Combined Allosteric Responses Explain the Bifurcation in Non-Linear Dynamics of 15N Root Fluxes Under Nutritional Steady-State Conditions for Nitrate

Erwan Le Deunff; Patrick Beauclair; Julien Lecourt; Carole Deleu; Philippe Malagoli

doi:10.3389/fpls.2020.01253

Combined Allosteric Responses Explain the Bifurcation in Non-Linear Dynamics of ¹⁵N Root Fluxes Under Nutritional Steady-State Conditions for Nitrate

Front Plant Sci. 2020 Aug 28:11:1253. doi: 10.3389/fpls.2020.01253. eCollection 2020.

Authors

Erwan Le Deunff^{1

2}, Patrick Beauclair³, Julien Lecourt⁴, Carole Deleu⁵, Philippe Malagoli⁶

Affiliations

¹ Normandie Université, UNICAEN, Caen, France.
² Institute of Plant Sciences Paris Saclay (IPS2), CNRS, INRA, Université Paris-Sud, Université d'Evry, Université Paris-Saclay, Gif-sur-Yvette, France.
³ INRA Unité Expérimentale Fourrages Environnement Ruminants (FERLUS) et Système d'Observation et d'Expérimentation pour la Recherche en Environnement (SOERE) Les Verrines CS 80006, Lusignan, France.
⁴ NIAB EMR, Crop Science and Production Systems, East Malling, United Kingdom.
⁵ INRA-Agrocampus Ouest-Université de Rennes 1, UMR 1349 Institut de Génétique, Environnement et Protection des Plantes (IGEPP) Université de Rennes 1, Rennes, France.
⁶ Université Clermont Auvergne, INRA, PIAF, Clermont-Ferrand, France.

Abstract

With regard to thermodynamics out of equilibrium, seedlings are open systems that dissipate energy towards their environment. Accordingly, under nutritional steady-state conditions, changes in external concentrations of one single ion provokes instability and reorganization in the metabolic and structure/architecture of the seedling that is more favorable to the fluxes of energy and matter. This reorganization is called a bifurcation and is described in mathematics as a non-linear dynamic system. In this study, we investigate the non-linear dynamics of ¹⁵N fluxes among cellular compartments of B. napus seedlings in response to a wide range of external ${}^{15}{NO}_{3}^{-}$ concentrations (from 0.05 to 20 mM): this allows to determine whether any stationary states and bifurcations could be found. The biphasic behavior of the root ${}^{15}{NO}_{3}^{-}$ uptake rate (v_in ) was explained by the combined cooperative properties between the v_app (N uptake, storage and assimilation rate) and v_out (N translocation rate) ¹⁵N fluxes that revealed a unique and stable stationary state around 0.28 mM nitrate.

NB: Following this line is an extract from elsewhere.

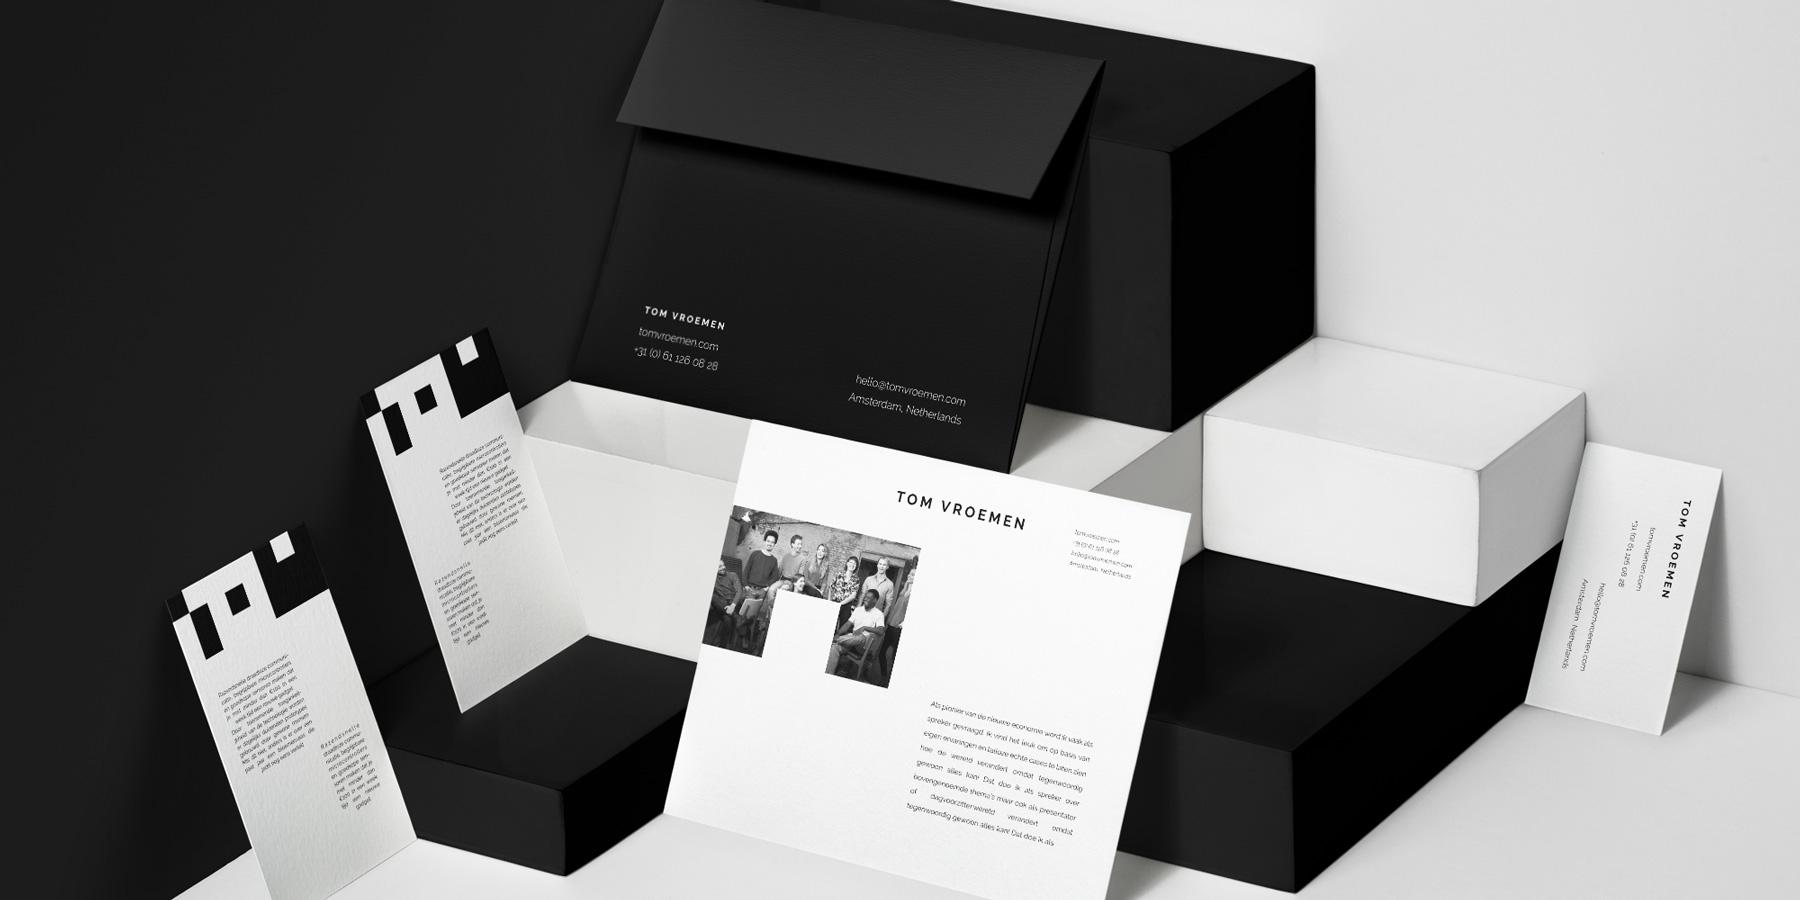 Tom Vroemen / Dutchy Design / Branding & Design Portfolio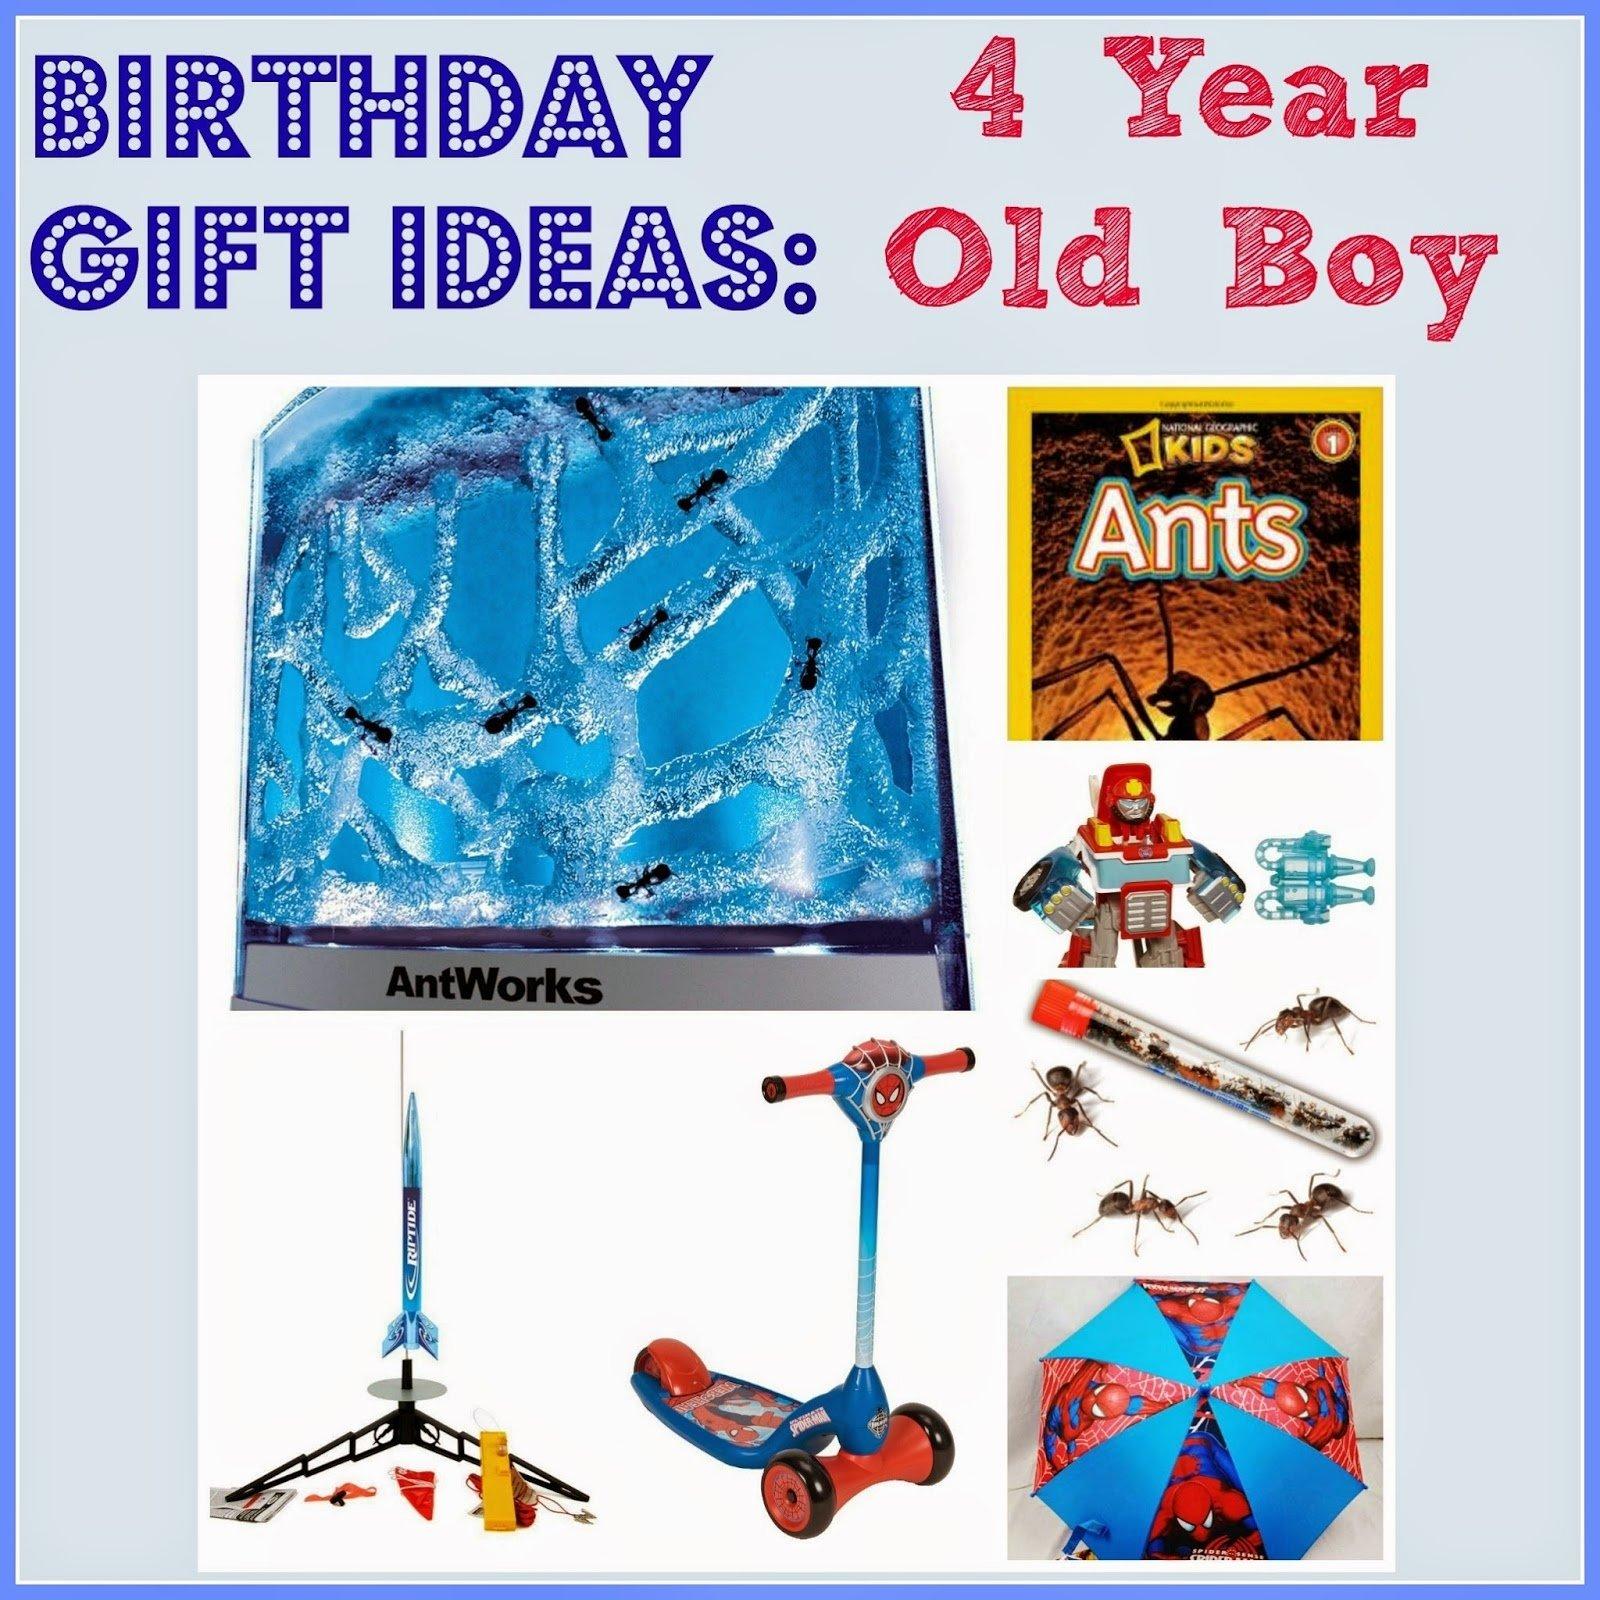 10 Amazing Gift Idea For 4 Year Old Boy year old boy birthday gift ideas home design ideas 9

The disappearance of this stationary state around 0.5 mM external nitrate concentrations provokes a dramatic bifurcation in ¹⁵N flux pattern. This bifurcation in the v_in and v_out ¹⁵N fluxes fits better with the increase of BnNPF6.3/NRT1.1 expression than BnNRT2.1 nitrate transporter genes, confirming the allosteric property of the BnNPF6/NRT1.1 transporter, as reported in the literature between low and high nitrate concentrations. Moreover, several statistically significant power-law equations were found between variations in the shoots tryptophan concentrations (i.e., IAA precursor) with changes in the v_app and v_out ¹⁵N fluxes as well as a synthetic parameter of plant N status estimated from the root/shoot ratio of total free amino acids concentrations. These relationships designate IAA as one of the major biological parameters related to metabolic and structural-morphological reorganization coupled with the N and water fluxes induced by nitrate. The results seriously challenge the scientific grounds of the concept of high- and low-affinity of nitrate transporters and are therefore discussed in terms of the ecological significance and physiological implications on the basis of recent agronomic, physiological and molecular data of the literature.

Keywords: N translocation; analysis of non-linear dynamic systems; ion transport kinetics; irreversible thermodynamics; nitrate uptake.